Problem:
Apart from the pictures, everything in the lines below must be printed exactly.

Given information:
• • • •
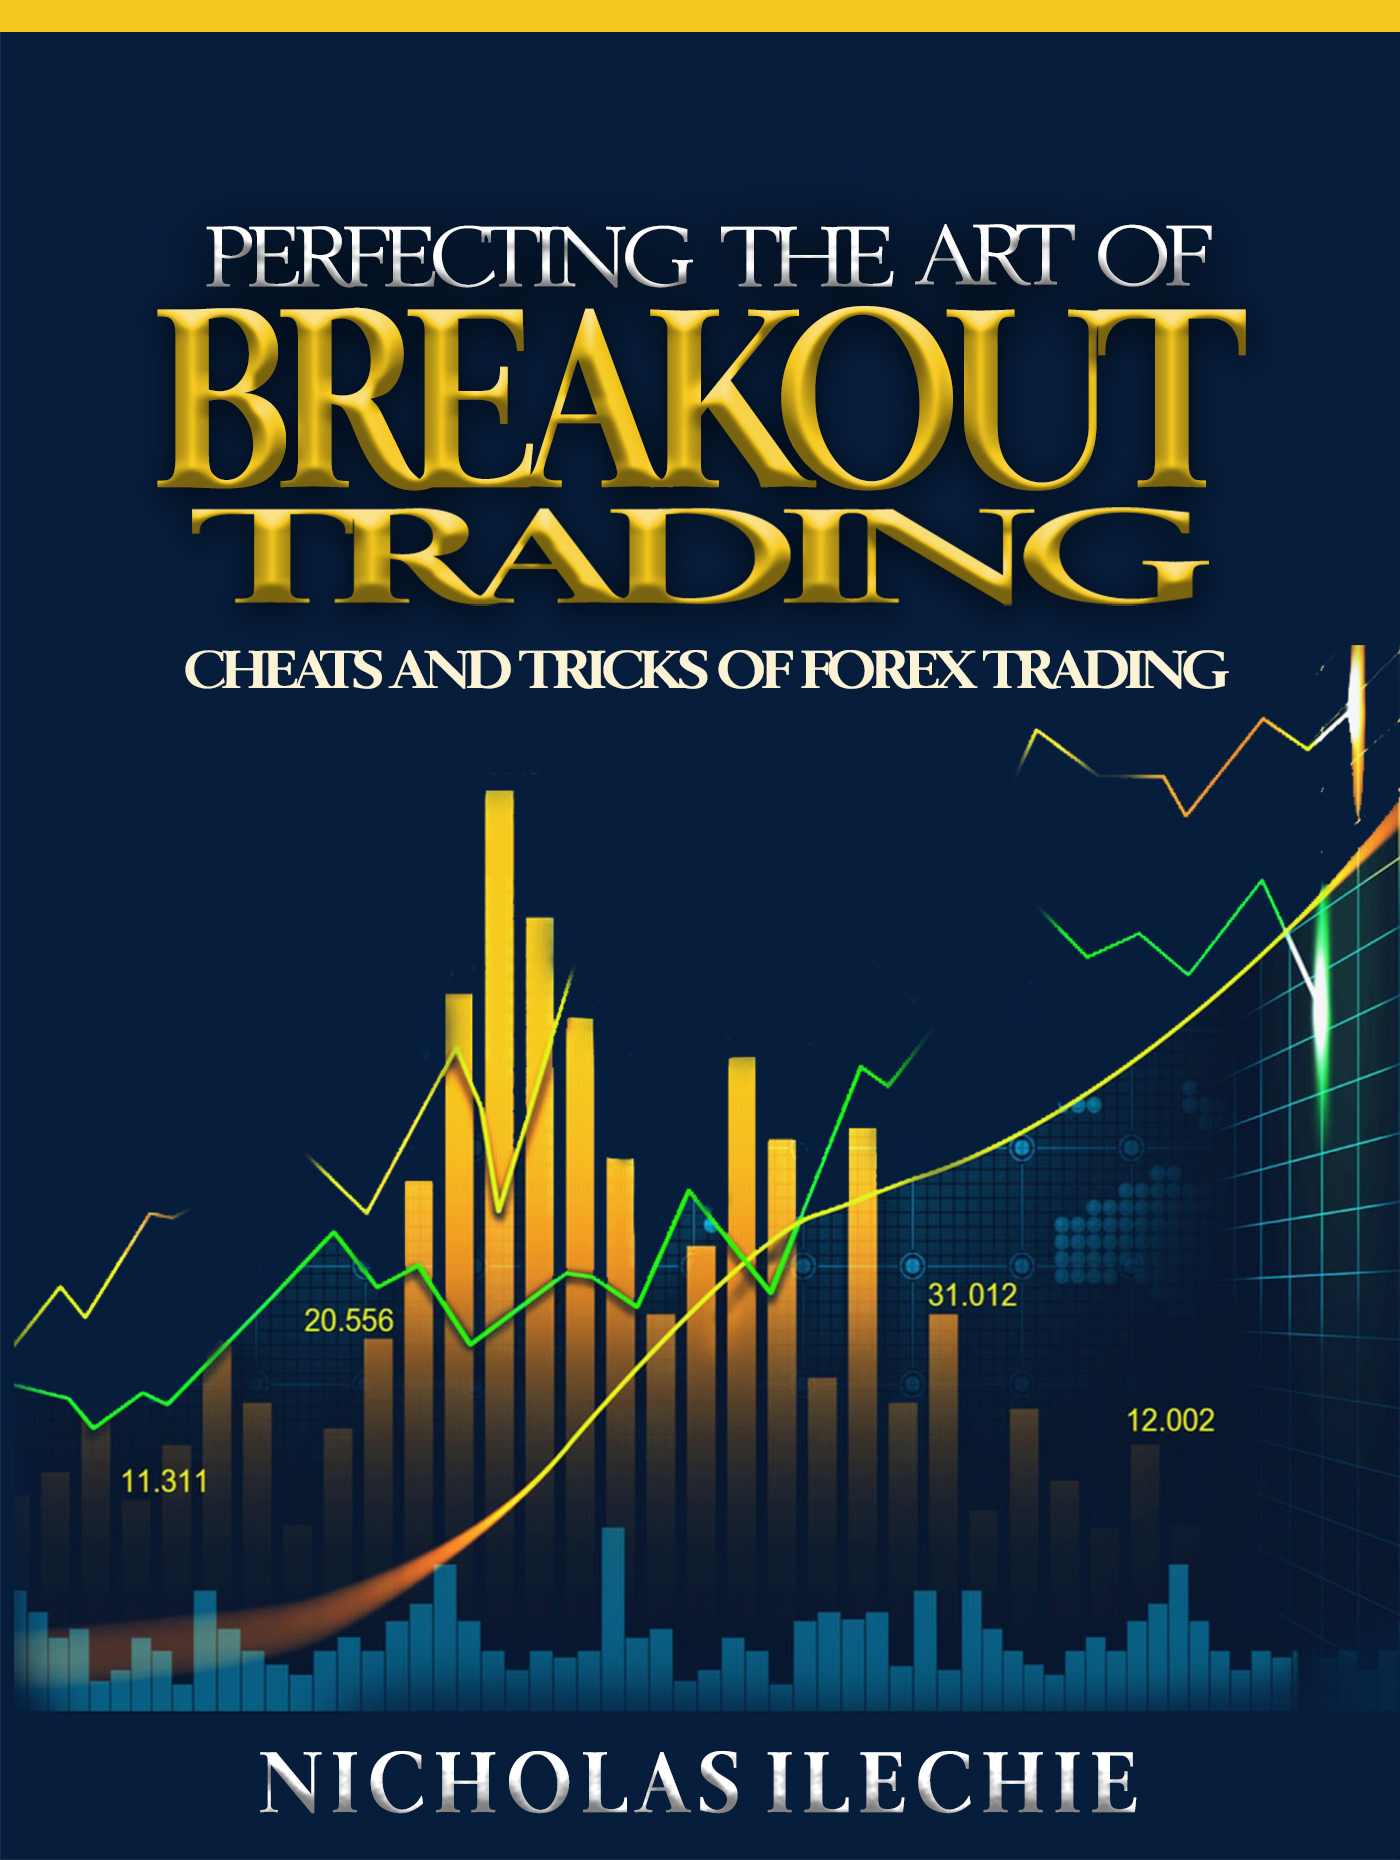 Perfecting The Art Of Breakout Trading Cheats And Tricks Of Forex Trading An Ebook By Nicholas Ilechie - 
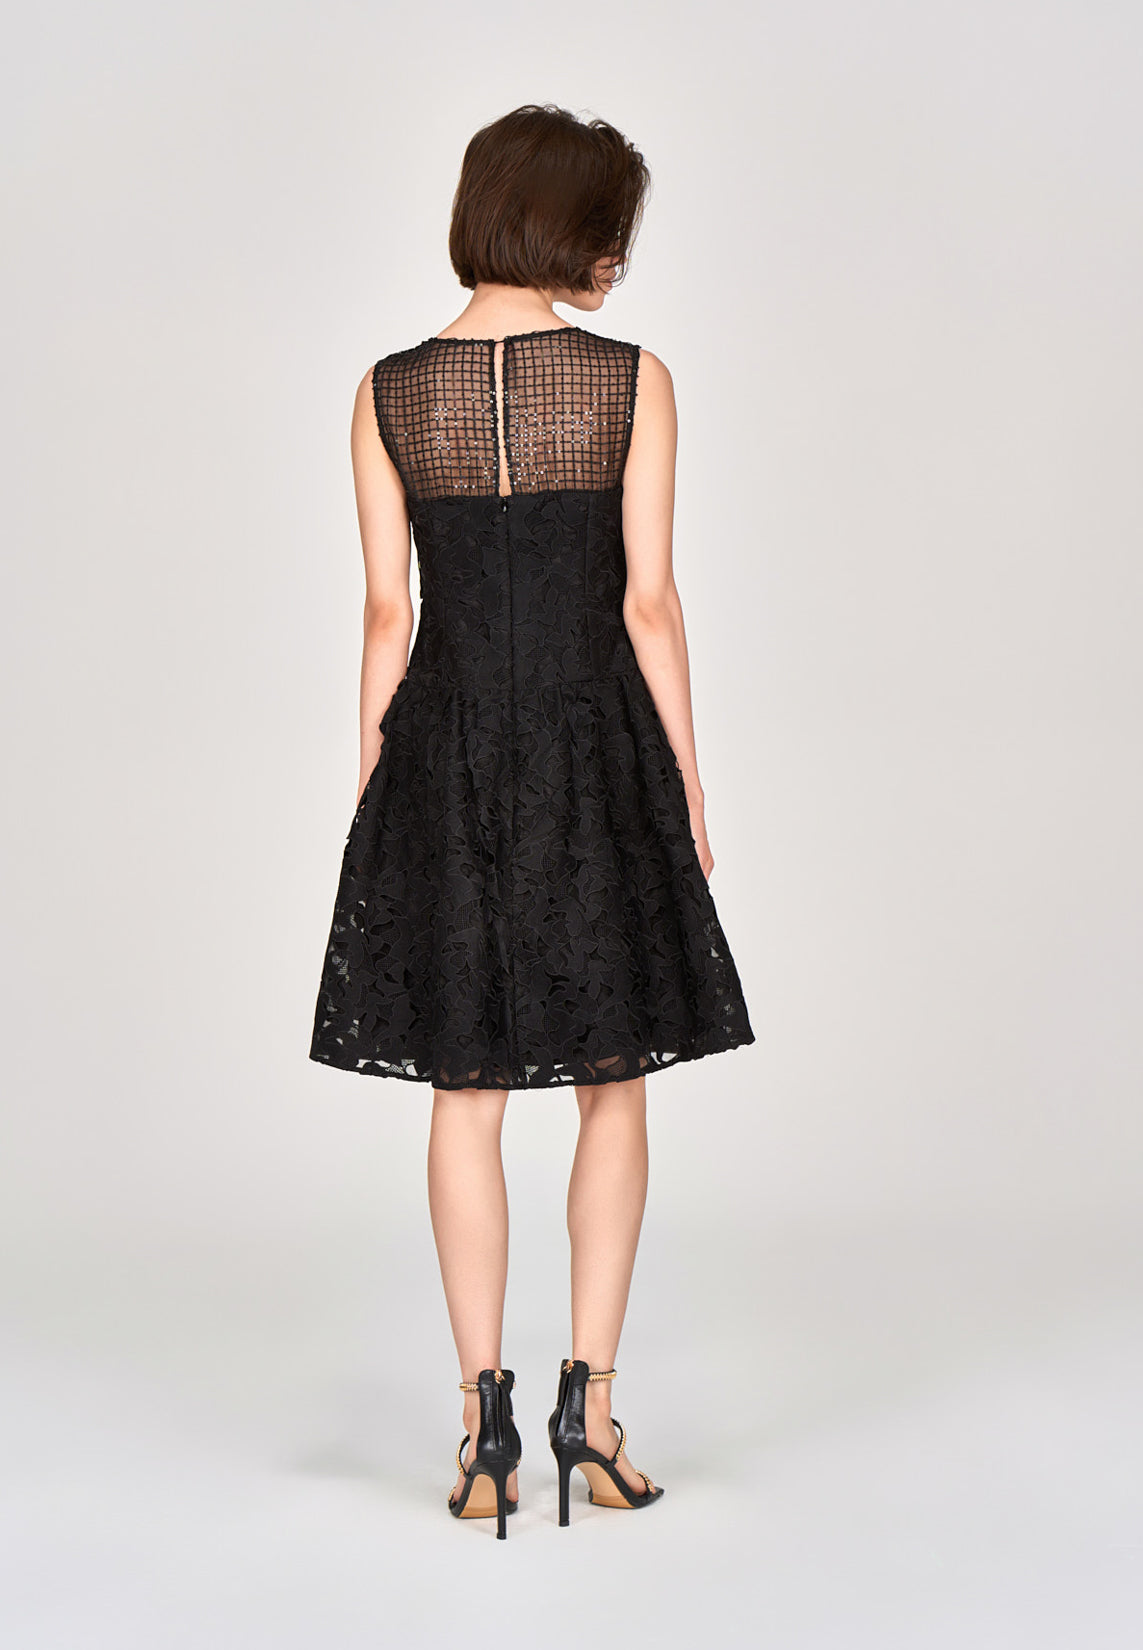 Black Lace Sleeveless Dress with Bow
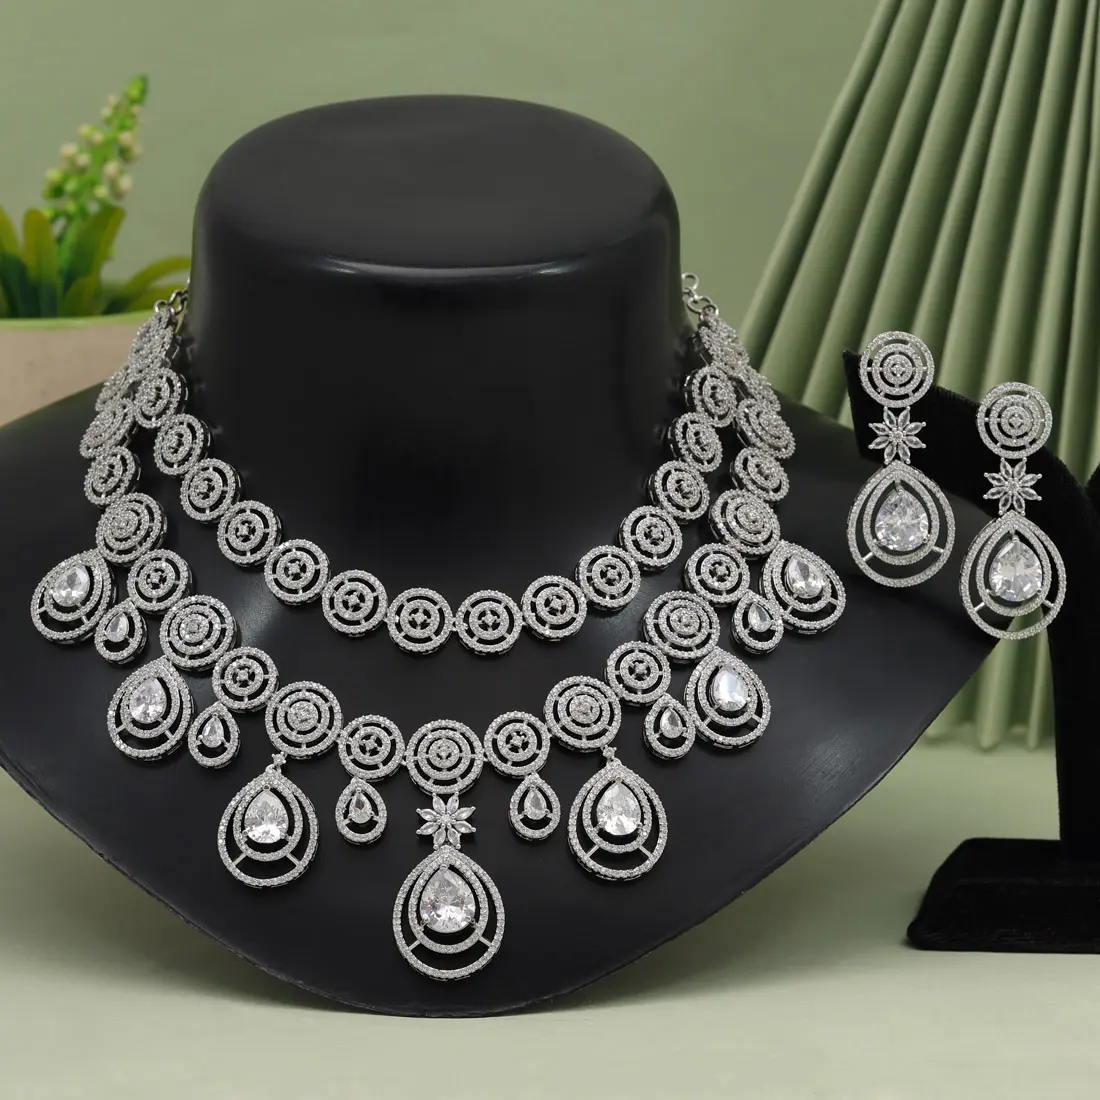 Latest Luxury Exclusive Designer Fashion AD/CZ Heavy American Diamond Premium Necklace Set Collection For Girls and women's
• • • •
Solution to this task:
 Perfecting The Art Of Breakout Trading Cheats And Tricks Of Forex Trading An Ebook By Nicholas Ilechie - 
 Black Lace Sleeveless Dress with Bow
 Latest Luxury Exclusive Designer Fashion AD/CZ Heavy American Diamond Premium Necklace Set Collection For Girls and women's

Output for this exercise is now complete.